> [Data listing]:
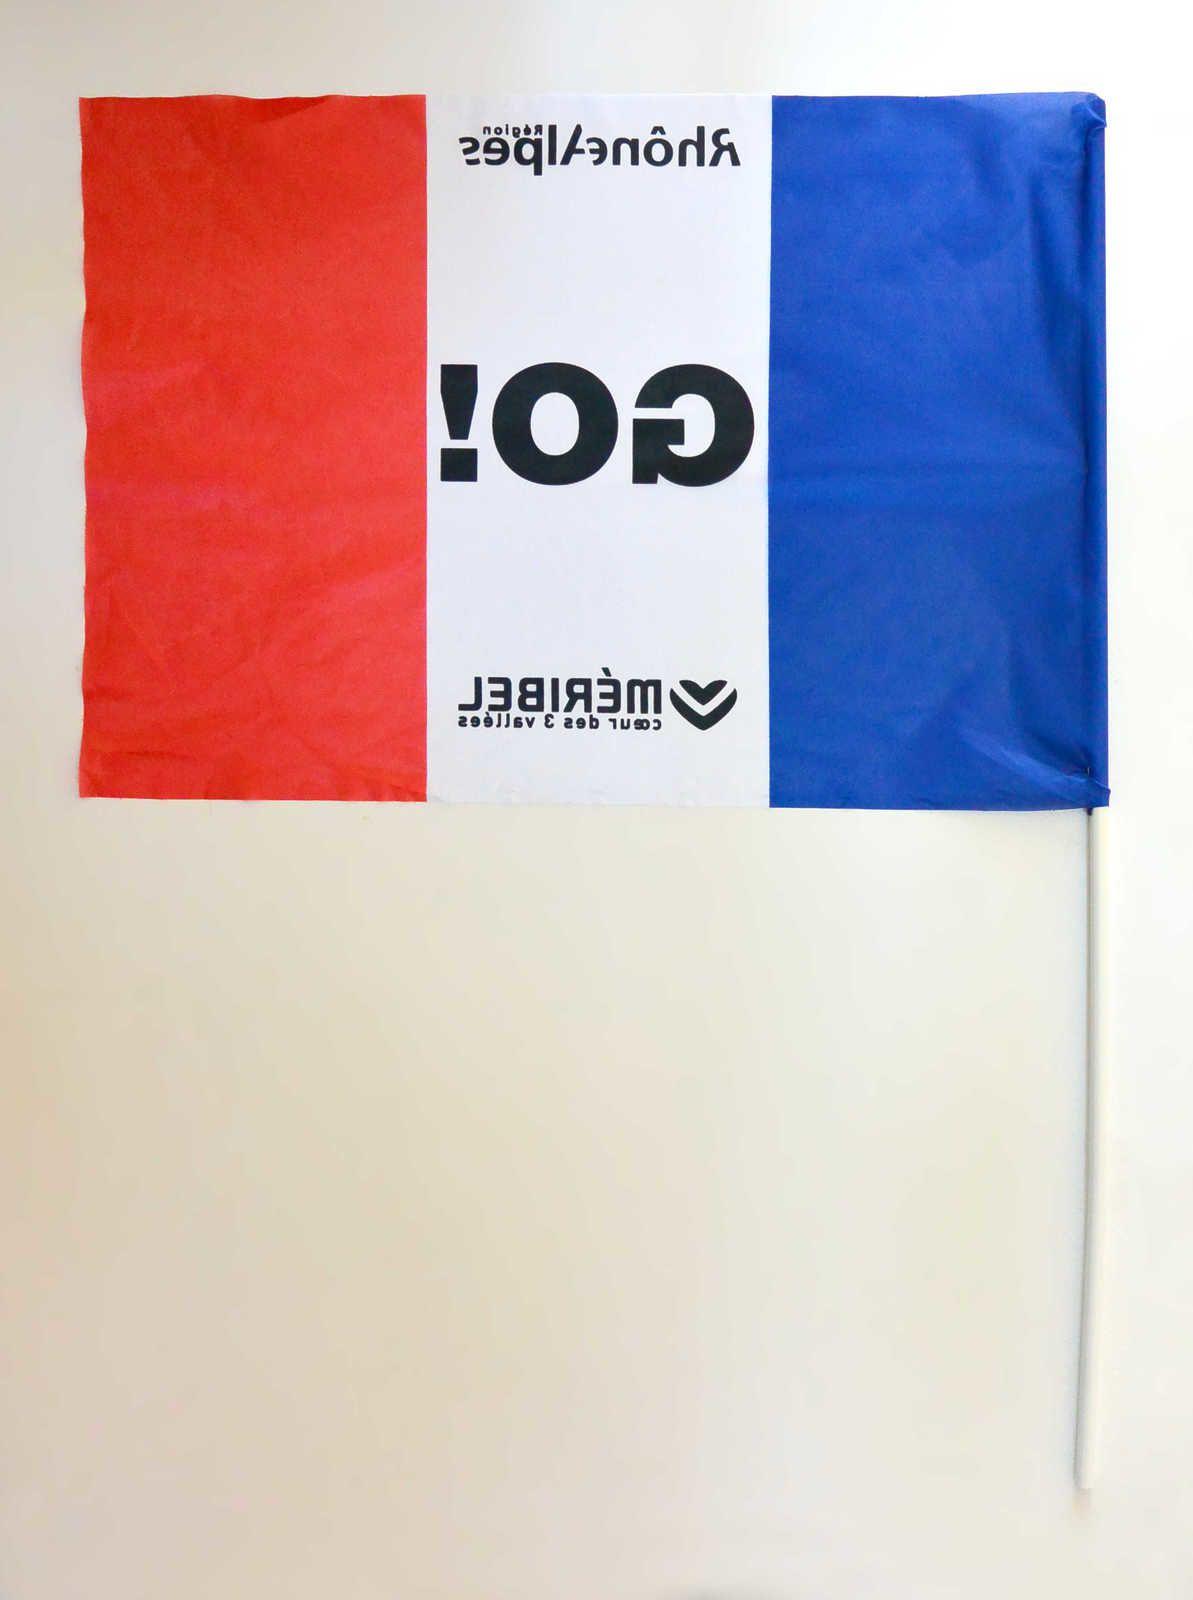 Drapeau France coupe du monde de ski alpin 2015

--

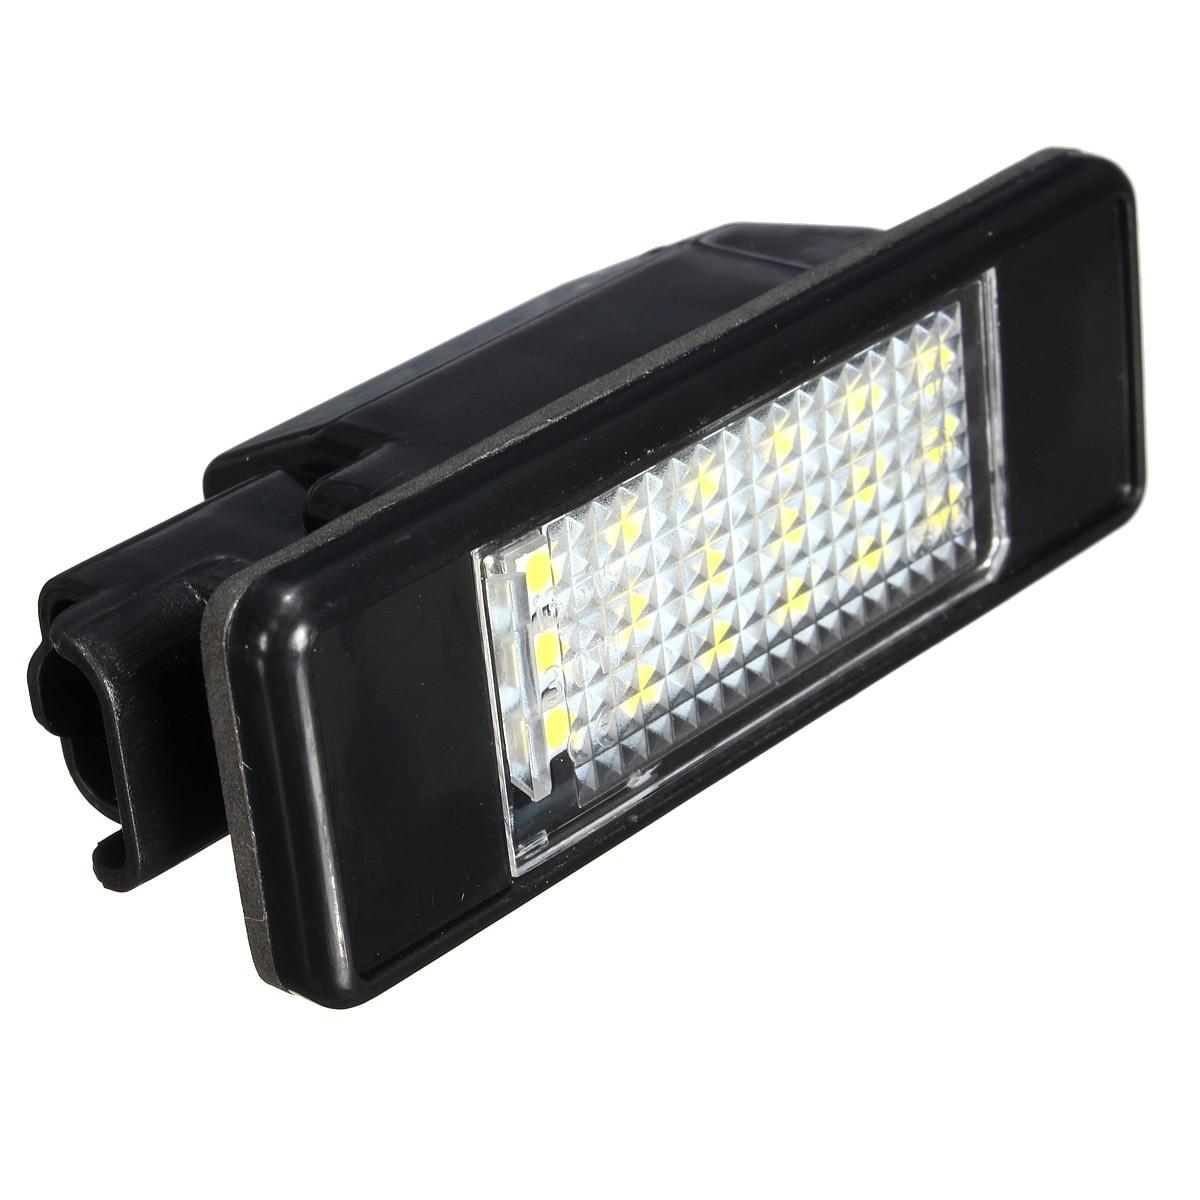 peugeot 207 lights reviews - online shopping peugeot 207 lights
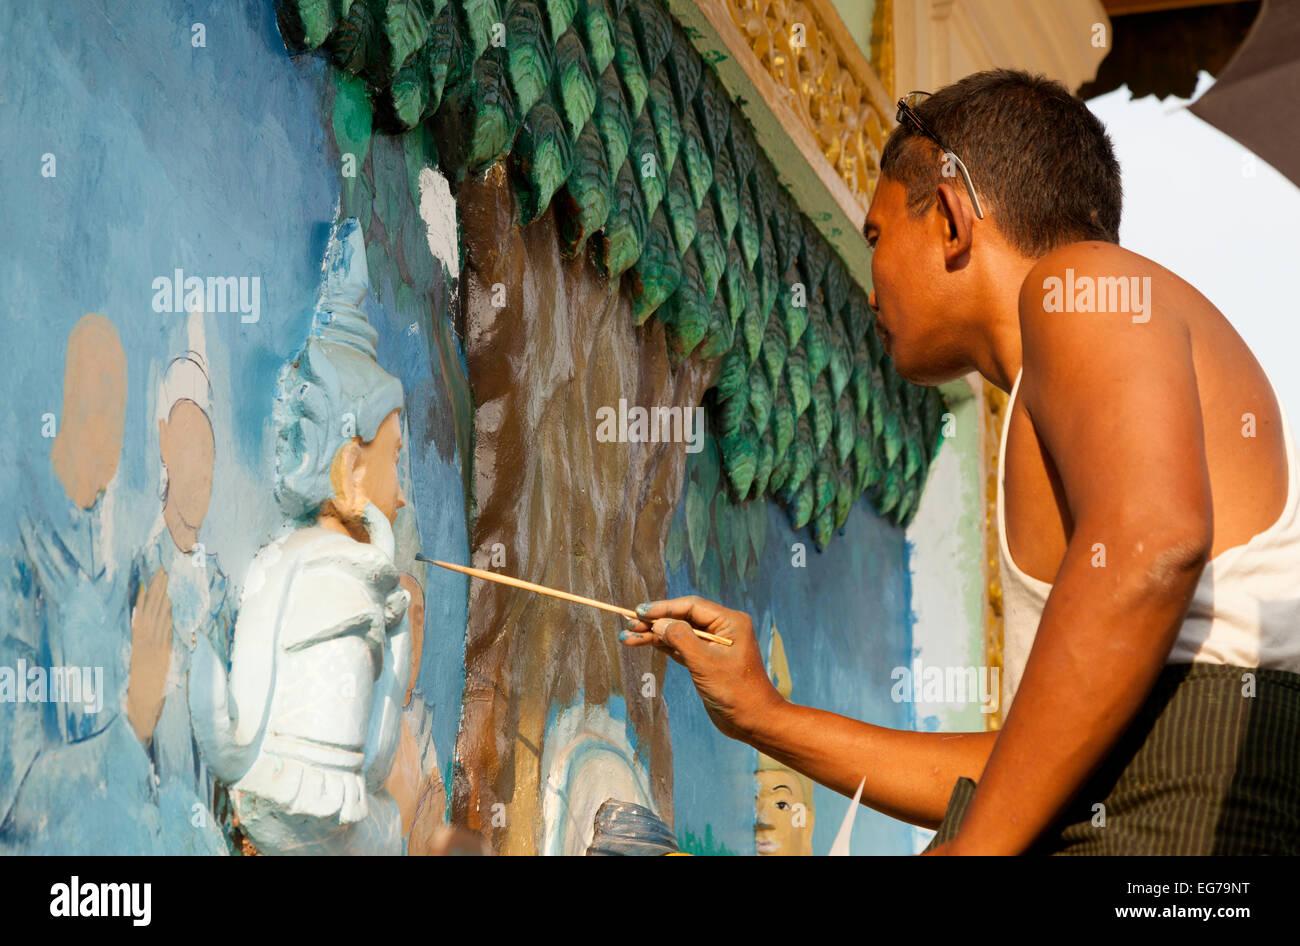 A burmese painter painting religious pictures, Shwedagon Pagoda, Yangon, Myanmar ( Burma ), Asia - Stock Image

--

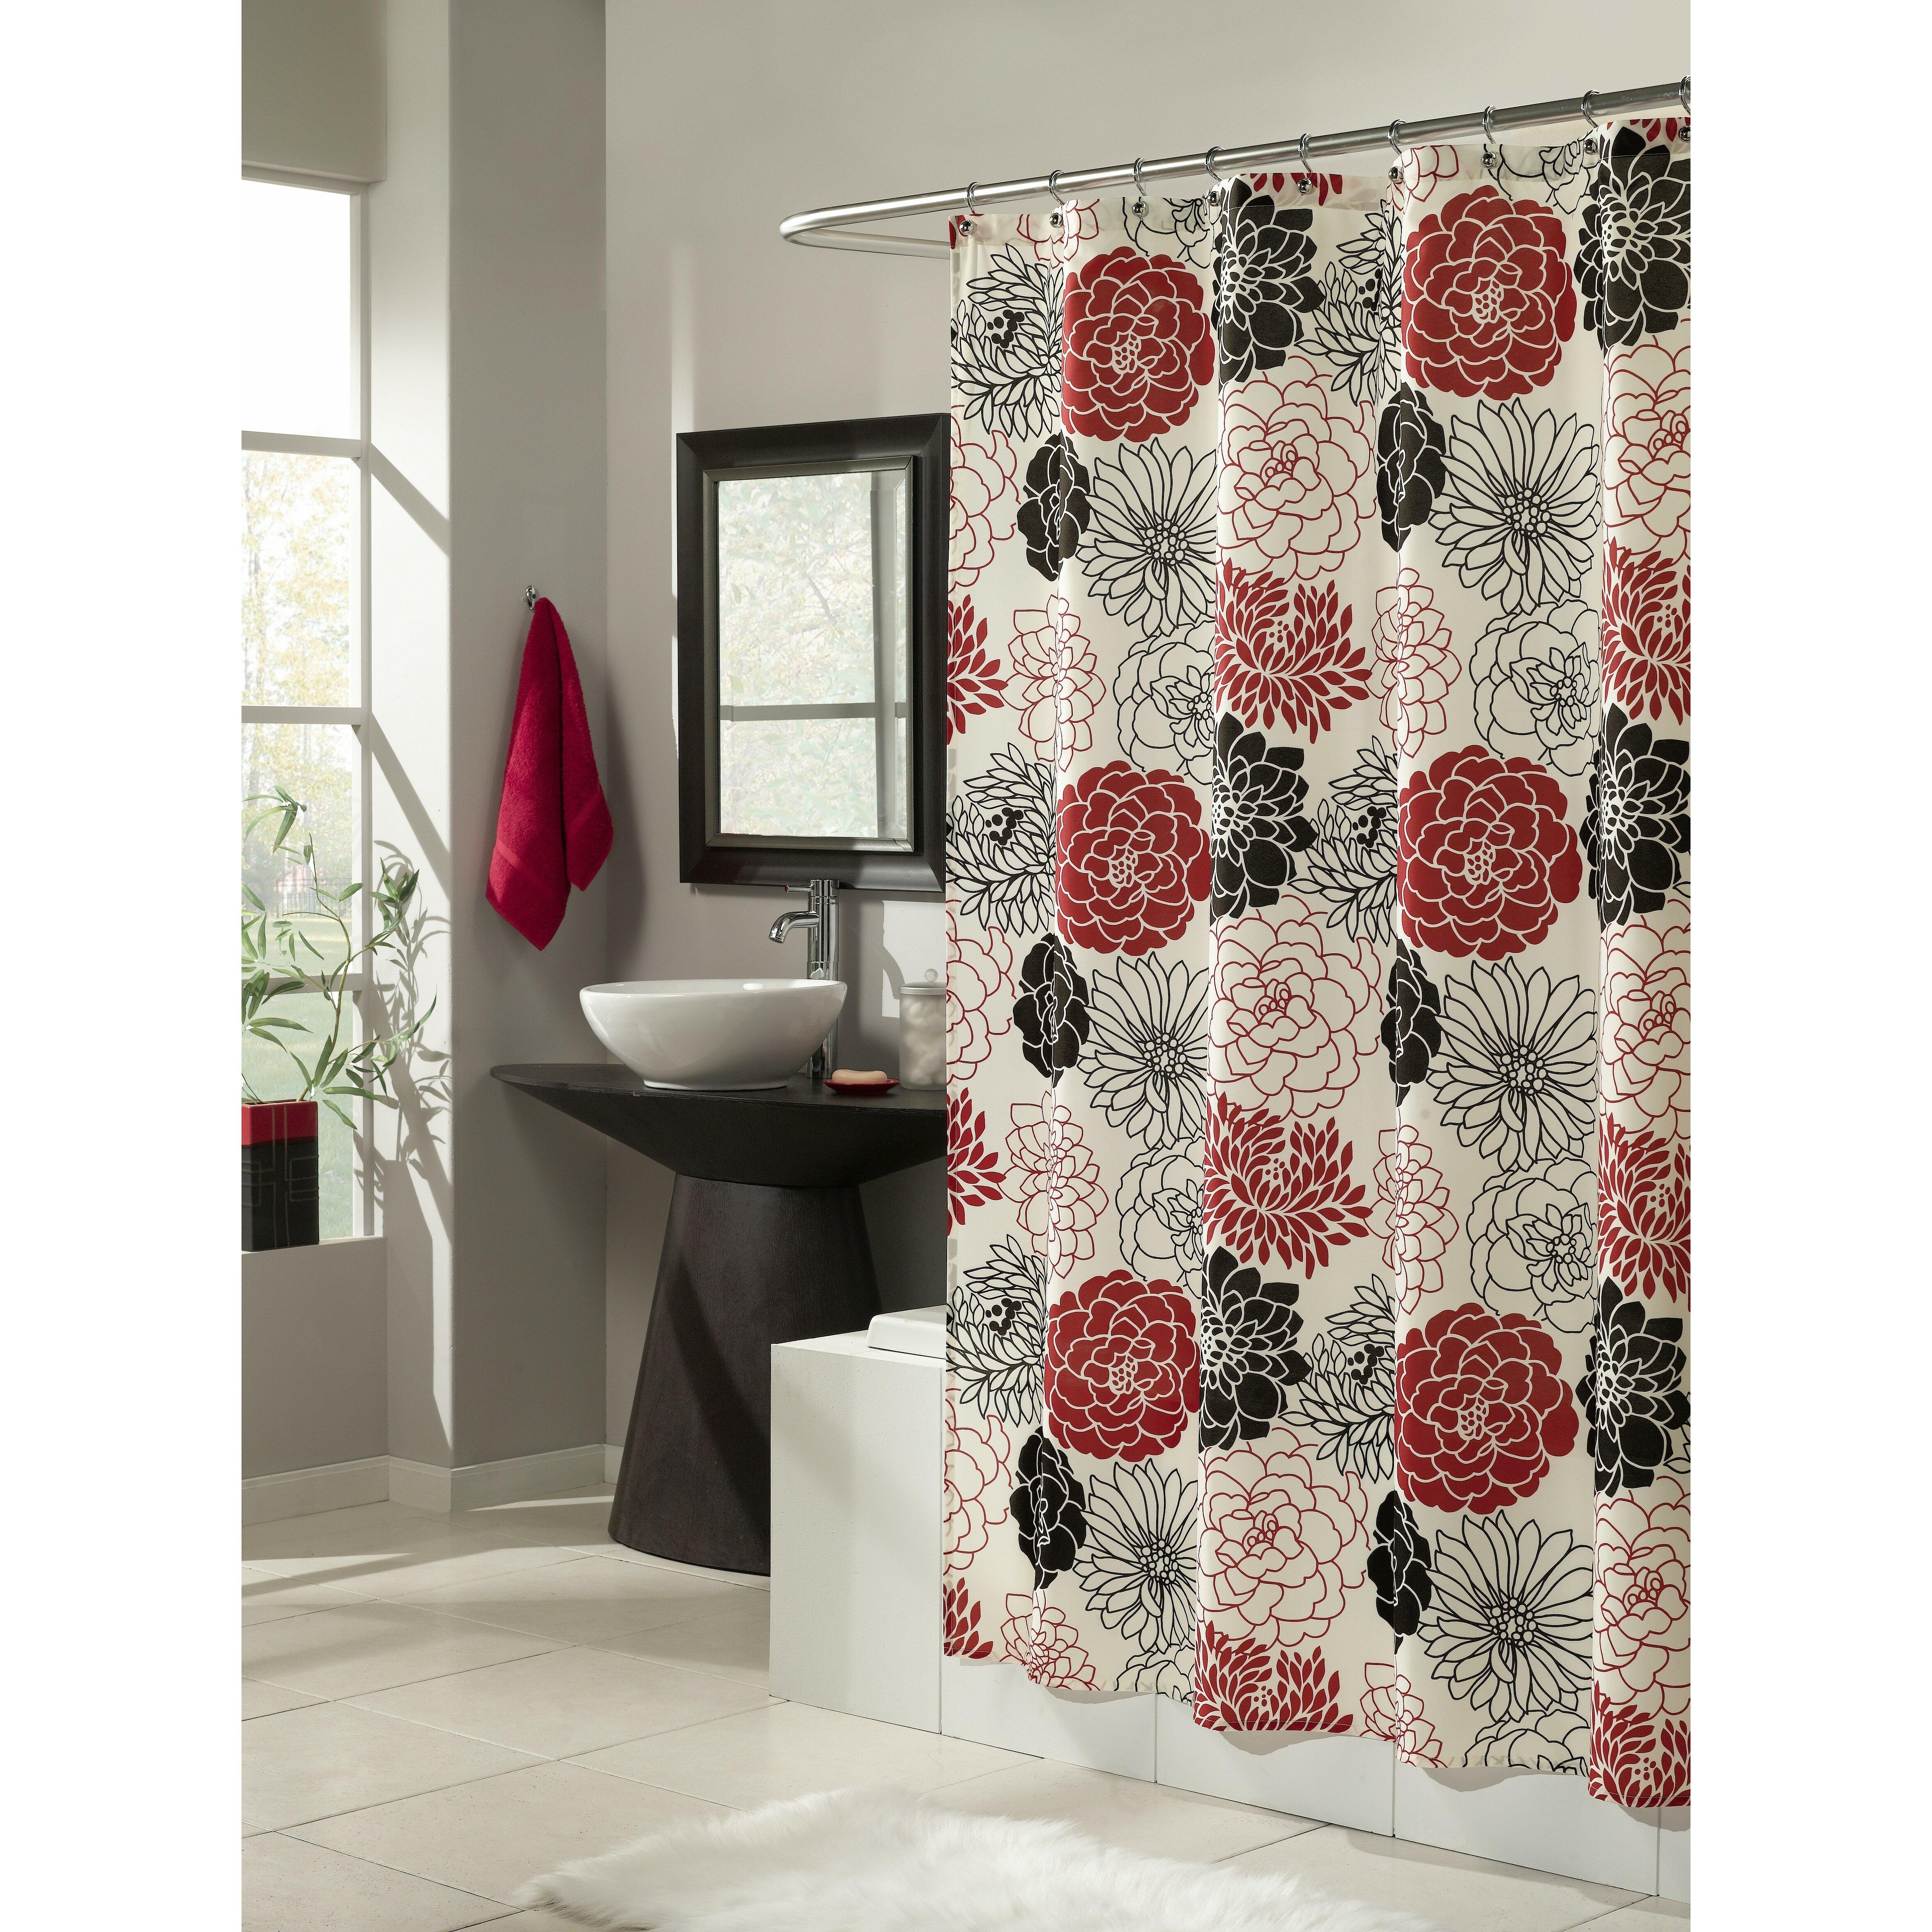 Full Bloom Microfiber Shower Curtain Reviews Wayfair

> [Description of the task]:
Start with the line with "peugeot 207 lights reviews" in the listing above and stop after the line with "A burmese painter". Write out exactly the lines in that stretch and no others, without pictures.

> [Result of this task]:
 peugeot 207 lights reviews - online shopping peugeot 207 lights
 A burmese painter painting religious pictures, Shwedagon Pagoda, Yangon, Myanmar ( Burma ), Asia - Stock Image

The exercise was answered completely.